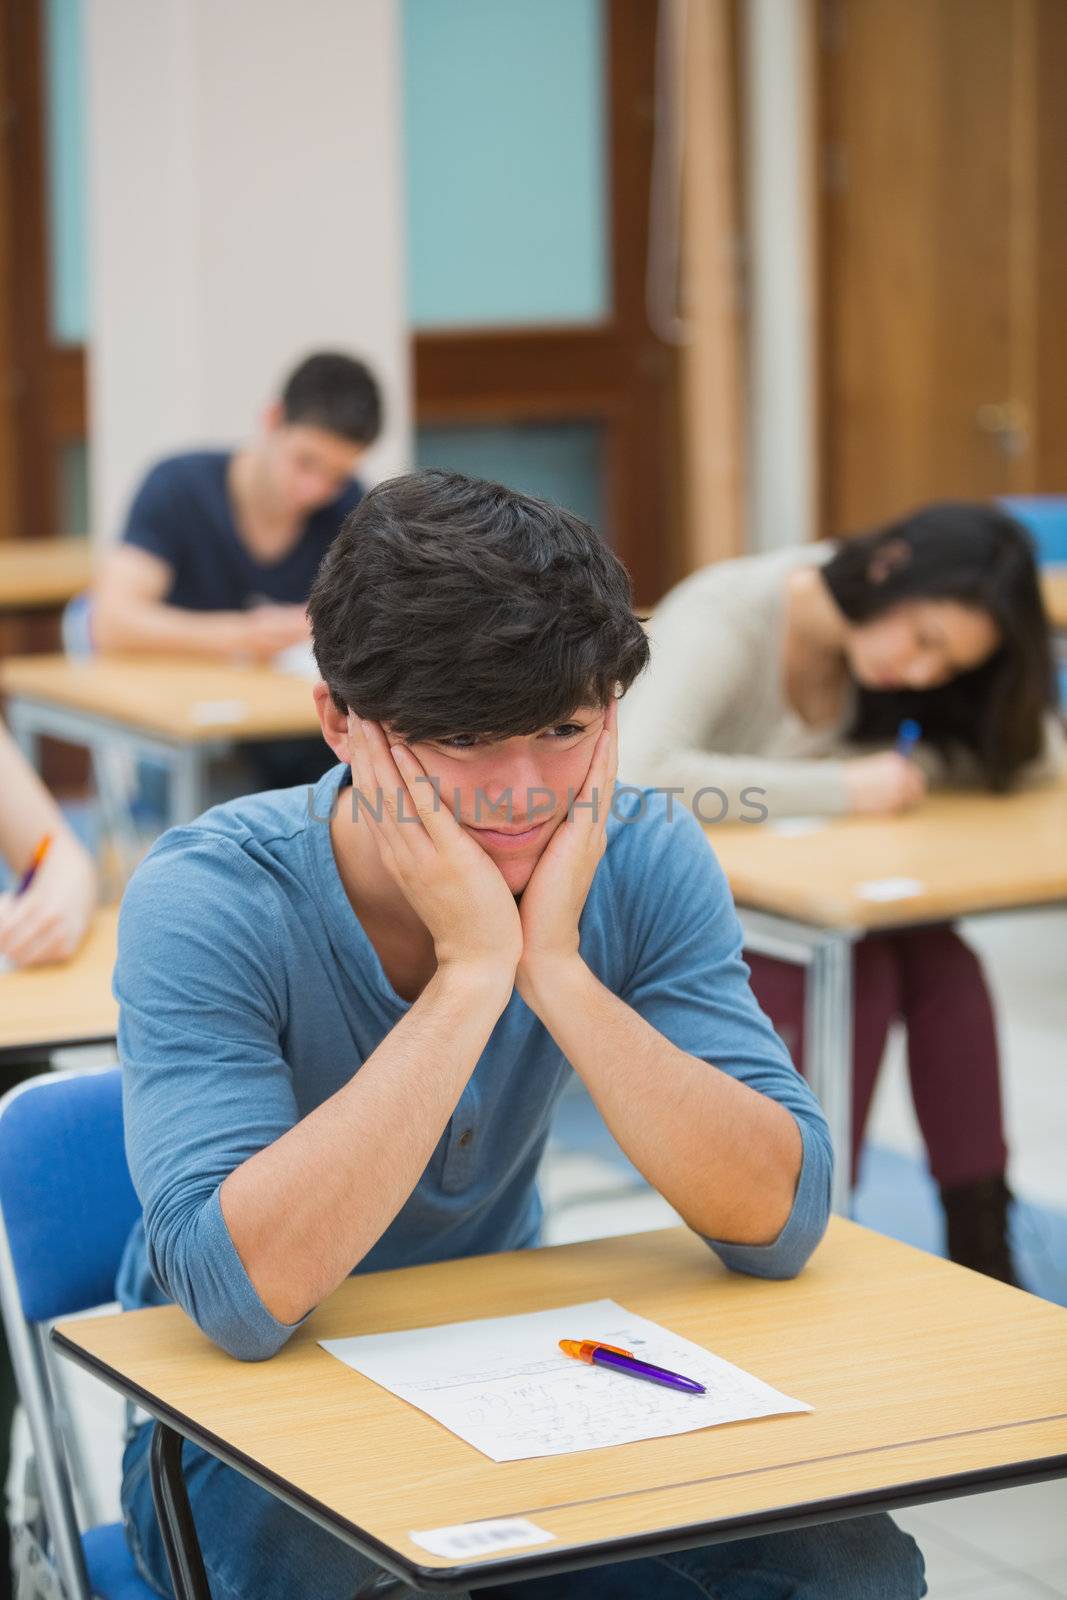 Student looking helpless in exam by Wavebreakmedia
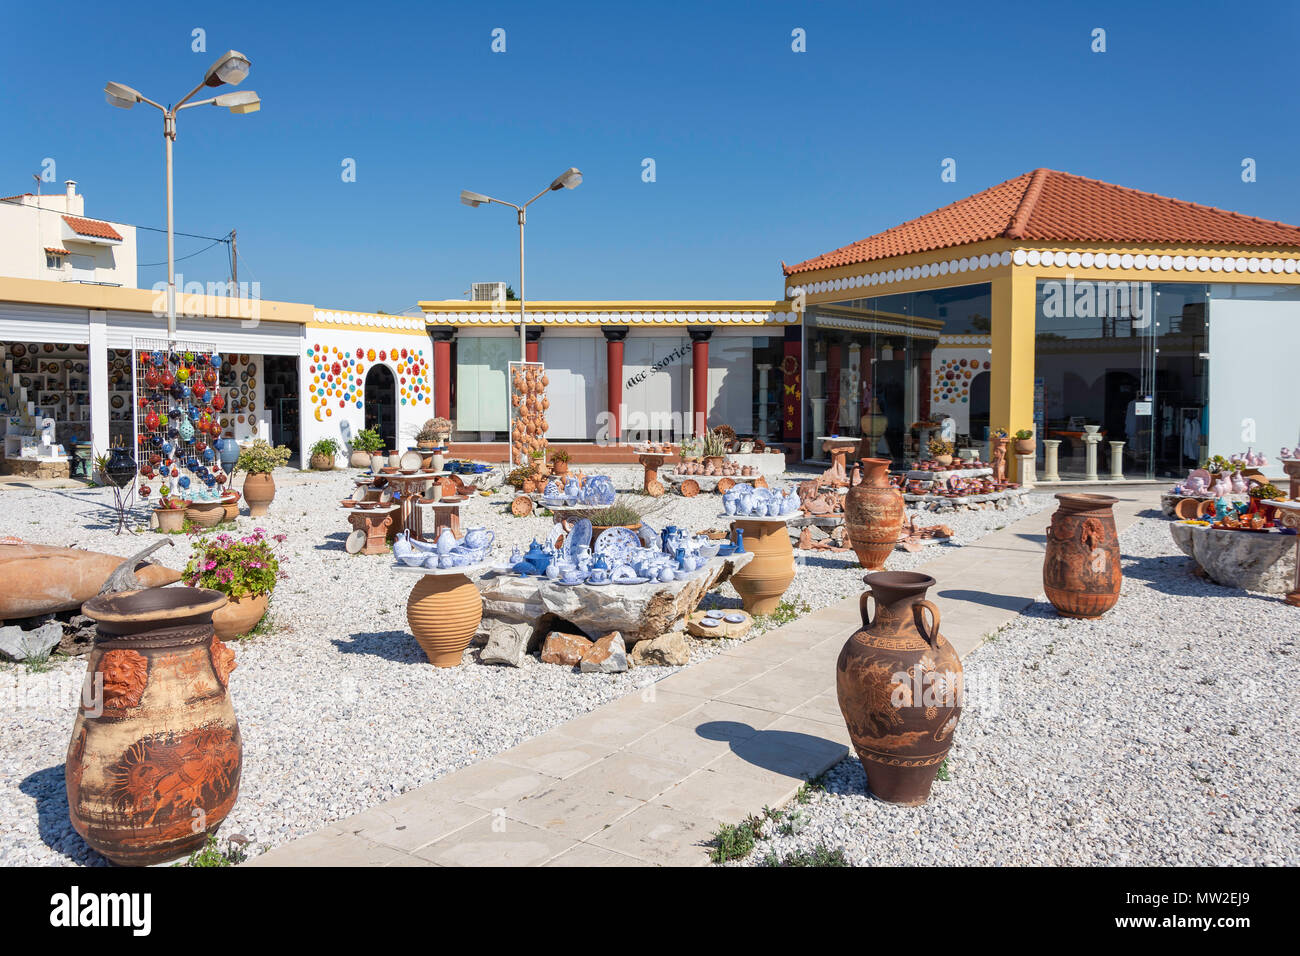 Atelier de céramique, Platanes, Rethymno, Crète (Région) Crète, Grèce Banque D'Images
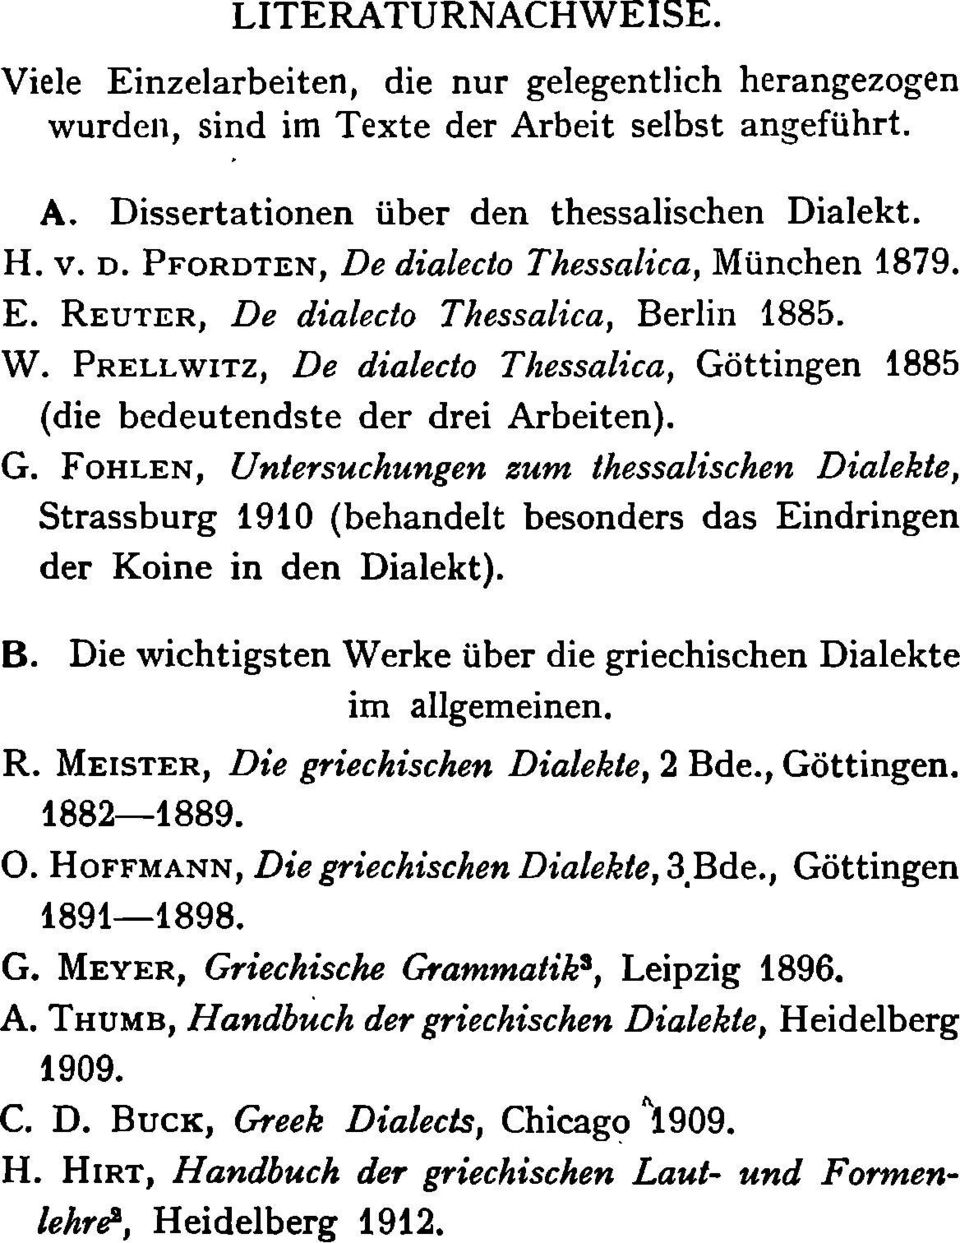 ttingen 1885 (die bedeutendste der drei Arbeiten). G. FOHLEN, Untersuchungen zum thessalischen Dialekte, Strassburg 1910 (behandelt besonders das Eindringen der Koine in den Dialekt). B.

---

Task to carry out ::
Skip the pictures. Write out exactly the lines from the one with "Atelier de céramique, Platanes, Rethymno, Crète" through the last line of the listing, both ends included, and nothing more.

Output for this exercise ::
 Atelier de céramique, Platanes, Rethymno, Crète (Région) Crète, Grèce Banque D'Images
 ttingen 1885 (die bedeutendste der drei Arbeiten). G. FOHLEN, Untersuchungen zum thessalischen Dialekte, Strassburg 1910 (behandelt besonders das Eindringen der Koine in den Dialekt). B.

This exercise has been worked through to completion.